It is reassuring that many UN member states are focusing on revitalising the UN system, particularly strengthening the role of the General Assembly in the area of peace and security. Given the dysfunctionality of the Security Council. The strengthening of the General Assembly’s role was also supported by the Veto Initiative, the resolution passed in 2022, which calls for discussions in the General Assembly after a veto is used within the Security Council.
Fairly soon, we will be selecting a new UN Secretary-General, whose role is critically important for the successful, efficient, and effective cooperation of the organisation, and by extension, the concept of multilateralism itself. The aforementioned Pact for the Future emphasises that no woman has ever held the position of Secretary-General, encouraging the nomination of female candidates and stressing the importance of merit-based selection, transparency, and inclusivity.
It’s worth noting that no representative from the so-called remnant of the times of the creation of the UN system—remnant of the so-called Eastern European group—has ever been selected for this role. At the same time, a significant number of UN member states are focused on reforming the Security Council, with many African countries demanding that substantive negotiations begin and that the existing intergovernmental negotiation process within the UN moves forward.
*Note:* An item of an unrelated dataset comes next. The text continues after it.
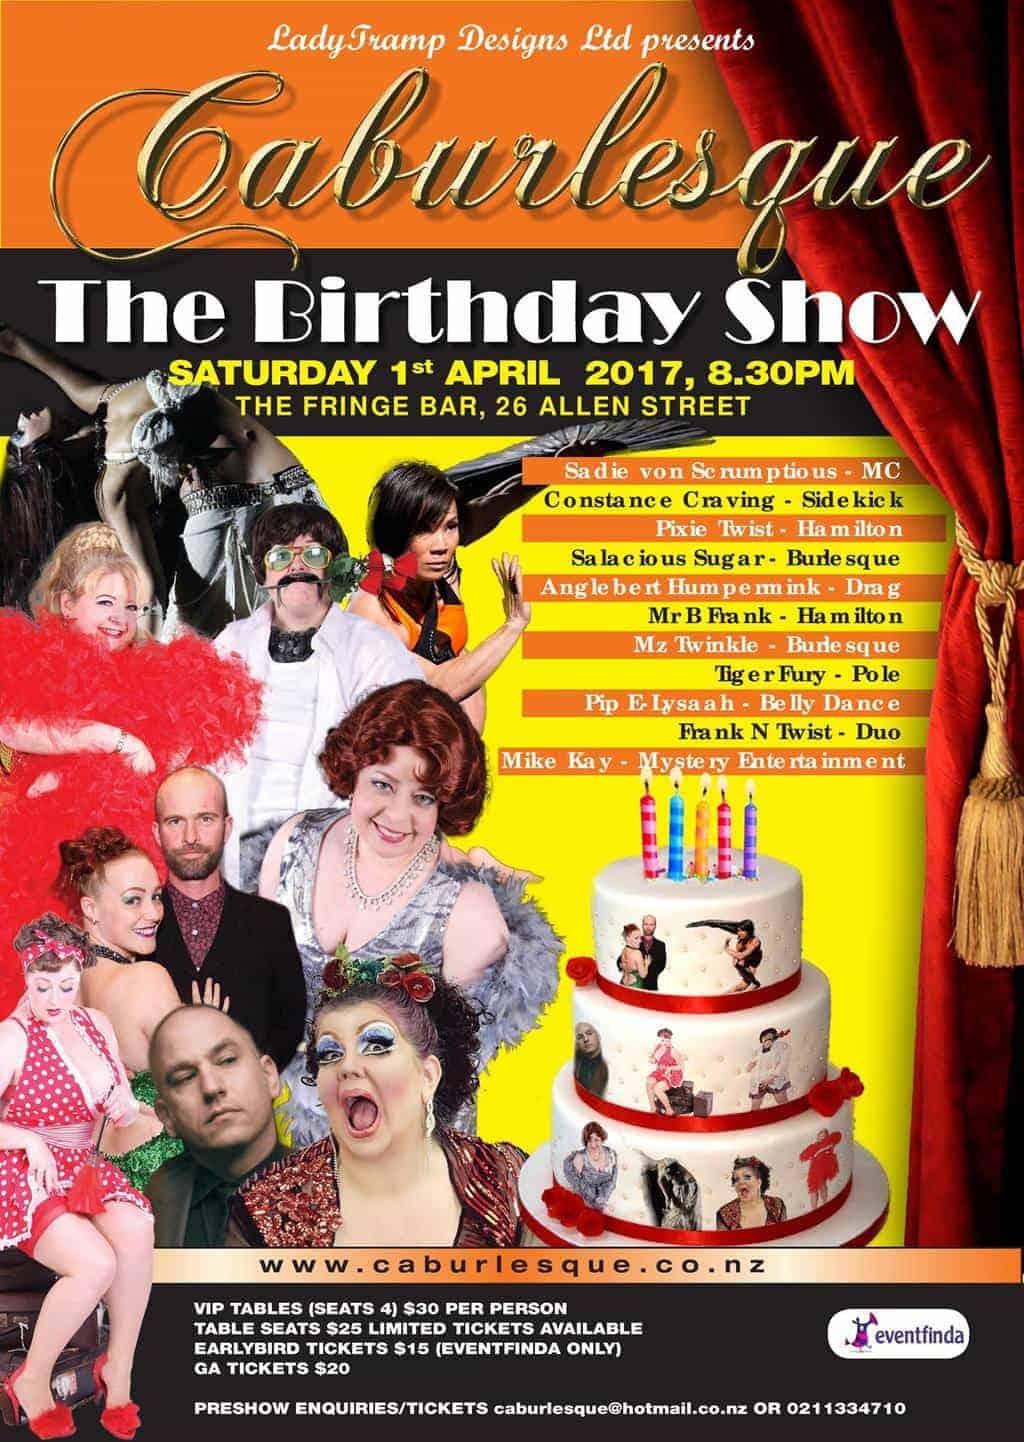 Caburlesque: The Birthday Show

A particular concern is the growing disagreement over the use of accepted concepts and the weakening of language related to international law, including humanitarian law and other issues.
The Croatian government will continue to do the utmost to advocate for the nexus of peace and security, sustainable development, humanitarian and human rights issues. We advocate the inclusion of other stakeholders—the private sector, academia, NGOs—considering them important partners in addressing global challenges.
Our world has changed dramatically indeed, and in these new circumstances, there is no alternative but to increase international cooperation based in the established tenets of the rule-based international order, buttressed by the global institution centred in the United Nations system and the corpus of international law.
Thank you.
Tammy Tam
Thank you very much, Ambassador. It’s great to hear from you your views on the many pressing issues, including the Ukraine war, Ukraine crisis. In particular, I’m so impressed that you talked about the critical role of the United Nations at this time of unilateralism and with trade war and tariff war, tech war, whatever war, and many conflicts in the world. I do believe the critical role of important international organisations like the United Nations and the World Trade Organisation, etc., should play a bigger role.
And I am a journalist, so I tend to combine questions within one big question—my big question just now is how the EU sees whether the unity is being cracked because of Trump’s tariff war and all this. And will you have different approaches in dealing with China and the U.S.?
So now I would like to take this question to our next ambassador. That’s the Special Envoy from the German Embassy, Stephen. Germany plays a very important role in the Ukraine crisis, and also, Germany remains a good partner with China as well in terms of trade and other fronts. So how do you see this—Germany, EU, China, and the role of international organisations amid all these tensions?
Stephen Grabherr, Charge d’Affaires of the German Embassy
Thank you very much, and giving a lot of credit to the organisers. To Henry Wang, thank you very much for having us.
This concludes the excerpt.